Ceci dit, la tonalité ultra-réaliste du film se perd parfois dans le pathos : rien ne semble pouvoir sauver la condition de ces enfants, condamnés à l’abandon et à pleurer à chaudes larmes, sans l’esquisse d’un moment véritablement heureux (sauf sous les effets de la drogue), comme si la pauvreté ne se résumait qu’à un enchaînement de drames, plus intenses les uns que les autres. Il semble inutile par exemple d’aller aussi loin qu’un meurtre commis par un enfant pour sensibiliser à sa cause – alors que la victime du crime, interprétée avec finisse par le génial Nana Patekar, faisait justement l’objet d’un portrait à mille lieues du manichéisme. Difficile pourtant d’en vouloir à Mira Nair, qui fut l’une des premières à s’emparer de ce sujet si contemporain de manière aussi cru : en 2015, hélas, les enfants de Krishna et Manju sont encore nombreux à sillonner les rues de Bombay et à dormir sur ses trottoirs.
Scènes de vie
On trouvera l’intérêt cinématographique de Salaam Bombay ! dans un montage sec, passant brusquement d’une scène à l’autre et qui permet à Mira Nair de dérouler son histoire tout en découvrant la mégalopole de Bombay, sous un jour peu habituel pour un public étranger (à qui se destinait probablement le film). Elle montre notamment avec beaucoup d’acuité les principes de sociabilité propres à l’Inde, notamment les petits immeubles aux balcons donnant sur la rue, qui permettent d’interpeller le tout-venant ; les gares où passent une foule bigarrée et qui servent tout autant à prendre le train qu’à se livrer à d’autres activités ; les escaliers dans lesquels se nouent les contacts entre voisins qui se connaissent et s’épient ; les portes à double battant qui enferment ou permettent de chasser l’indésirable ; les minuscules appartements qui voient entrer et sortir moult individus à toute heure du jour, et parfois de la nuit… Mira Nair peut ainsi facilement passer d’un personnage à l’autre, d’une histoire à l’autre, sans avoir besoin de se perdre dans des explications scénaristiques.
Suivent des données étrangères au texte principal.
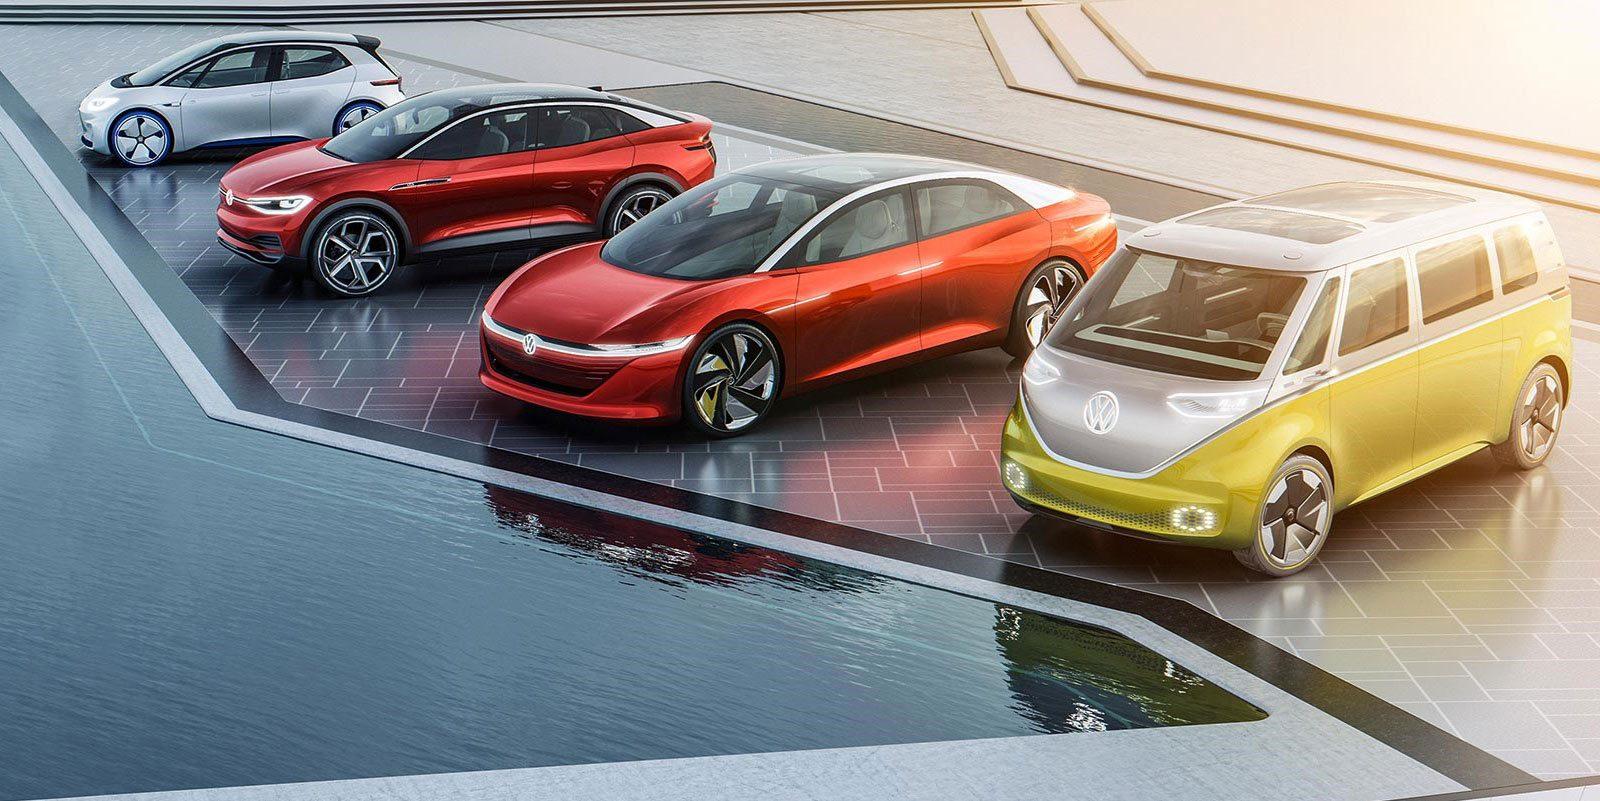 Vw car electric models

Sola Saal, petite fille népalaise destinée à la prostitution et achetée à prix d’or pour sa virginité, voit son destin à peine esquissé en quelques scènes. Alors qu’elle est emmenée par son premier client, elle regarde s’éloigner l’homme qui, pour la manipuler, lui a fait croire qu’il était amoureux d’elle, et son regard compense largement le silence qu’elle a gardé tout au long du film, ne connaissant pas la langue parlée à Bombay…
Bizarrement, la plus belle scène du film est sans doute la plus décalée. Alors que Krishna et son ami dealer ont escroqué un Américain en lui vendant de la drogue pour un prix exorbitant (chaque touriste en Inde se reconnaîtra dans cette scène de marchandage), les deux compères vont fêter leur victoire dans un cimetière. Là, Krishna raconte sa vie à Chillum, mais surtout lui demande d’être son ami, avant de partir dans de grands éclats de rire. Quasi onirique du point de vue du décor, presque aussi positive que le reste du film est pessimiste, cette scène offre à Salaam Bombay ! une belle bouffée d’espoir. Avec l’envie qu’un jour, le même film puisse être réalisé avec des éclats de rire plutôt que des larmes en guise de clap de fin.